Wrong FS when loading PerceptronModel
See original GitHub issueDescription
Saving a trained POS model to s3 and loading it back throws a java.lang.IllegalArgumentException exception with the message “Wrong FS, … expected: hdfs…”
Expected Behavior
A saved model (either standalone or as part of a spark PipelineModel) should be loadable from s3
Current Behavior
While the model can be saved at the moment, reading it back either as a standalone model or as part of a PipelineModel throws an exception. A sample stacktrace looks like this:
java.lang.IllegalArgumentException: Wrong FS: s3://<bucket-name>/pos-models/anc-pos/fields/POS Model, expected: hdfs://<ip-address>:9000
at org.apache.hadoop.fs.FileSystem.checkPath(FileSystem.java:651)
at org.apache.hadoop.hdfs.DistributedFileSystem.getPathName(DistributedFileSystem.java:193)
at org.apache.hadoop.hdfs.DistributedFileSystem.access$000(DistributedFileSystem.java:105)
at org.apache.hadoop.hdfs.DistributedFileSystem$18.doCall(DistributedFileSystem.java:1118)
at org.apache.hadoop.hdfs.DistributedFileSystem$18.doCall(DistributedFileSystem.java:1114)
at org.apache.hadoop.fs.FileSystemLinkResolver.resolve(FileSystemLinkResolver.java:81)
at org.apache.hadoop.hdfs.DistributedFileSystem.getFileStatus(DistributedFileSystem.java:1114)
at org.apache.hadoop.fs.FileSystem.exists(FileSystem.java:1415)
at com.johnsnowlabs.nlp.serialization.StructFeature.deserializeObject(Feature.scala:111)
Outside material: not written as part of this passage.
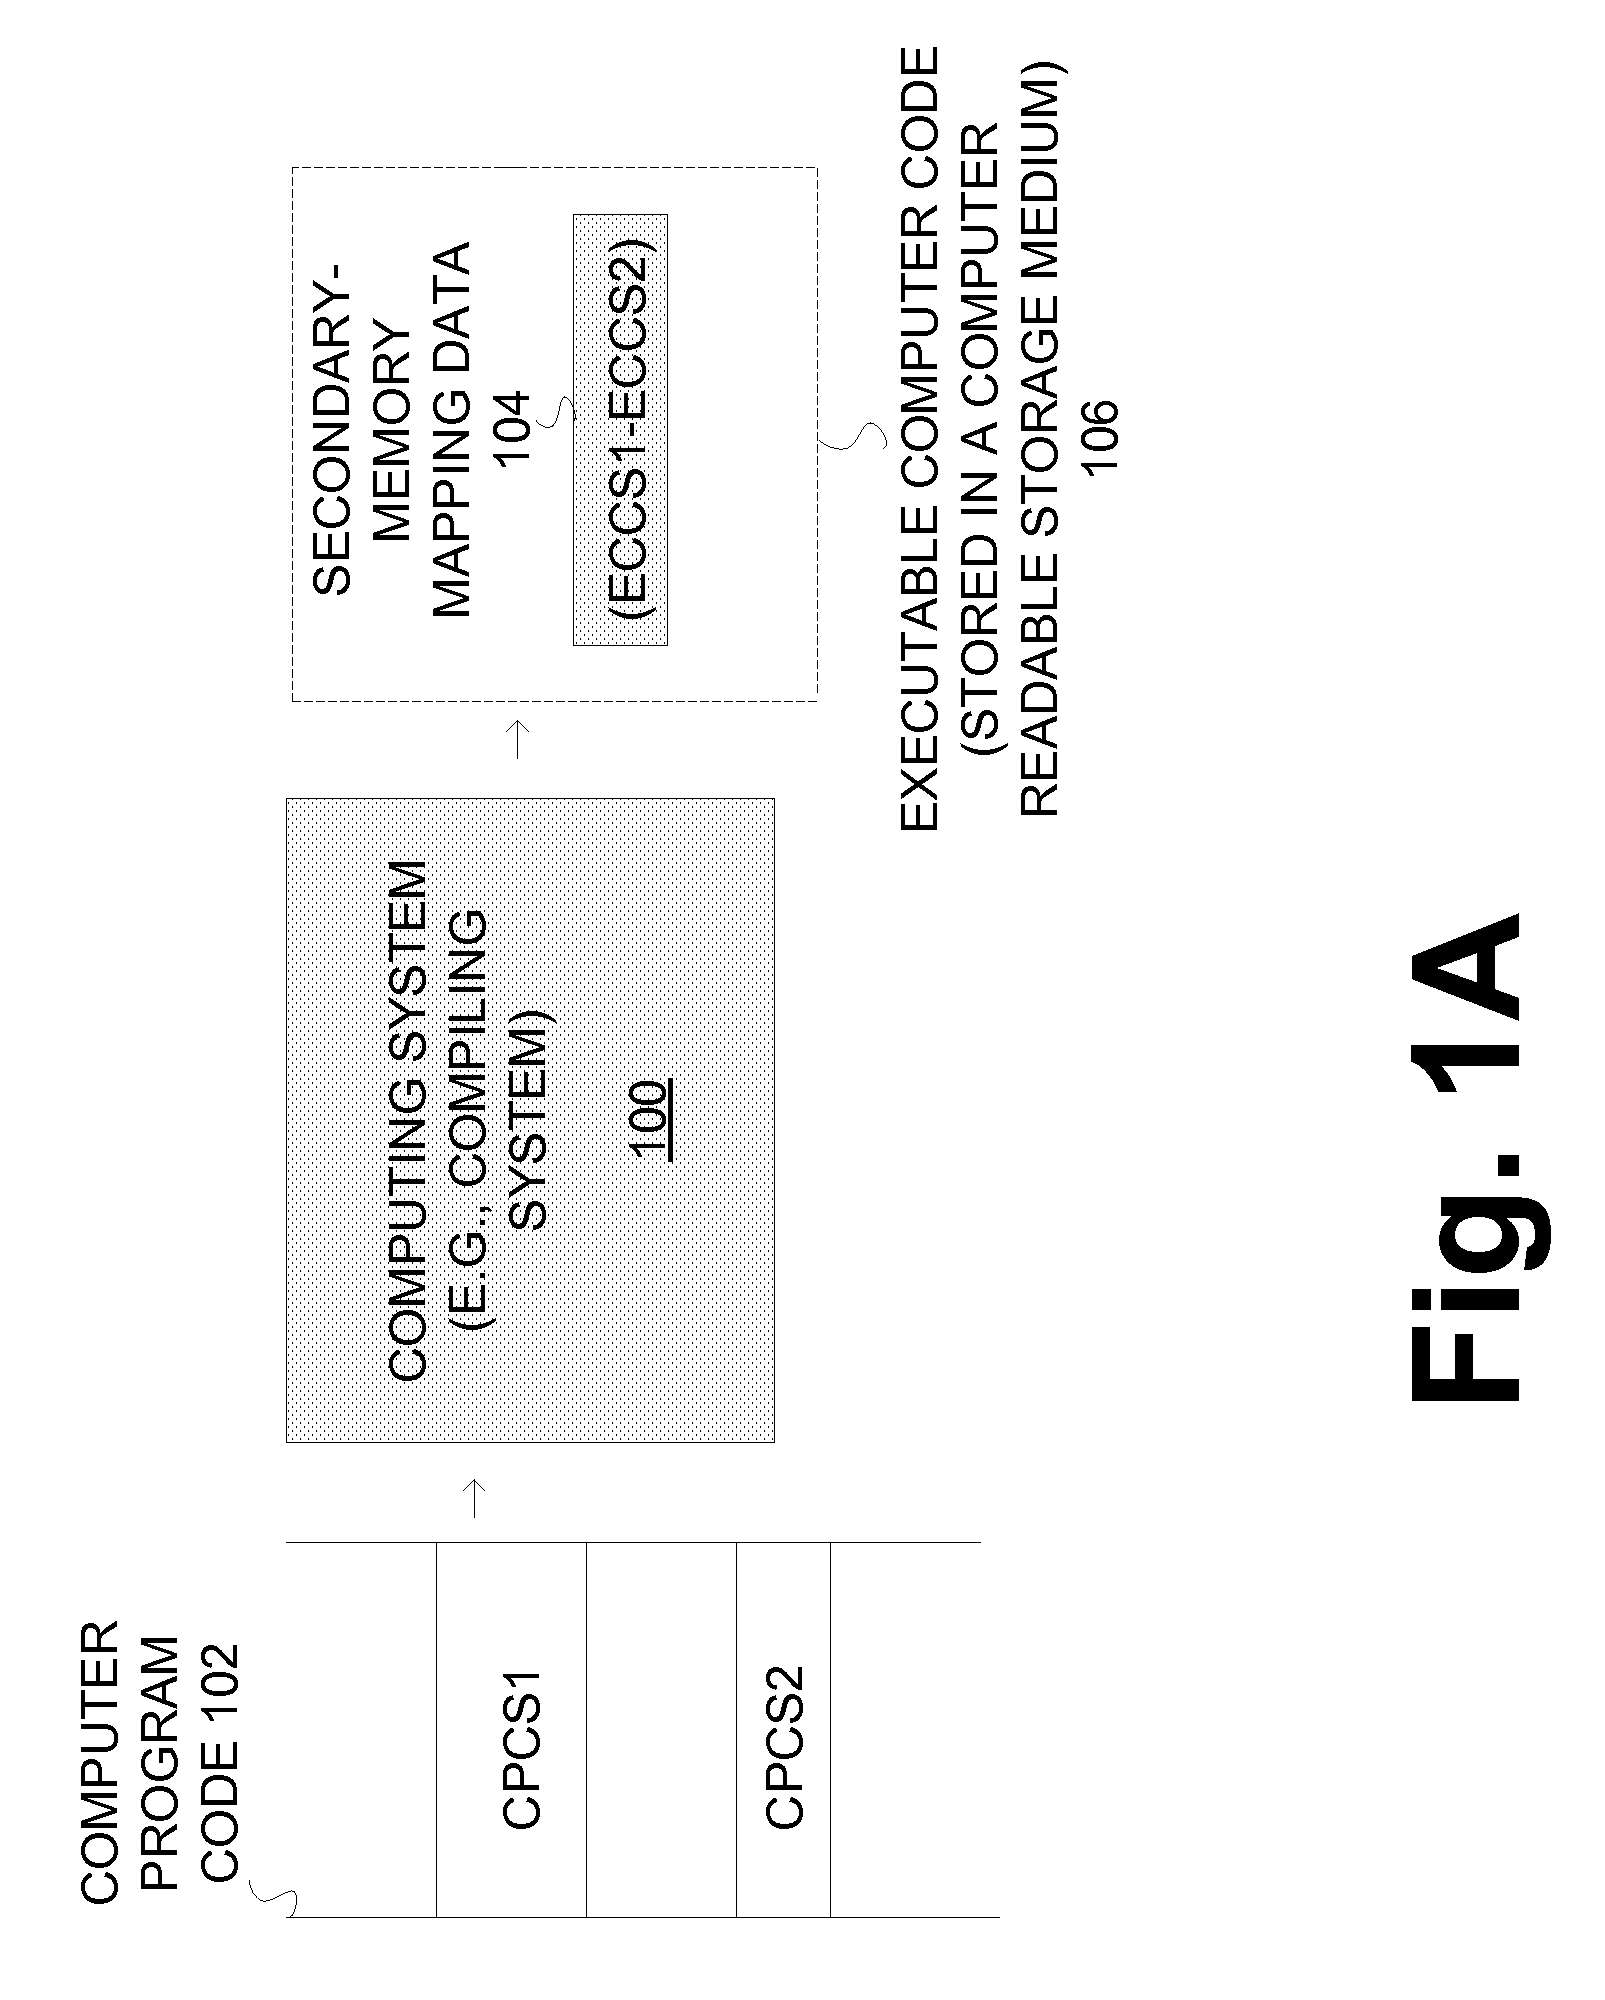 Effective mapping of code sections to the same section of secondary memory to improve the security of computing systems

at com.johnsnowlabs.nlp.serialization.Feature.deserialize(Feature.scala:44)
at com.johnsnowlabs.nlp.FeaturesReader$$anonfun$load$1.apply(ParamsAndFeaturesReadable.scala:13)
at com.johnsnowlabs.nlp.FeaturesReader$$anonfun$load$1.apply(ParamsAndFeaturesReadable.scala:12)
at scala.collection.mutable.ResizableArray$class.foreach(ResizableArray.scala:59)
at scala.collection.mutable.ArrayBuffer.foreach(ArrayBuffer.scala:48)
at com.johnsnowlabs.nlp.FeaturesReader.load(ParamsAndFeaturesReadable.scala:12)
at com.johnsnowlabs.nlp.FeaturesReader.load(ParamsAndFeaturesReadable.scala:6)
at org.apache.spark.ml.util.MLReadable$class.load(ReadWrite.scala:218)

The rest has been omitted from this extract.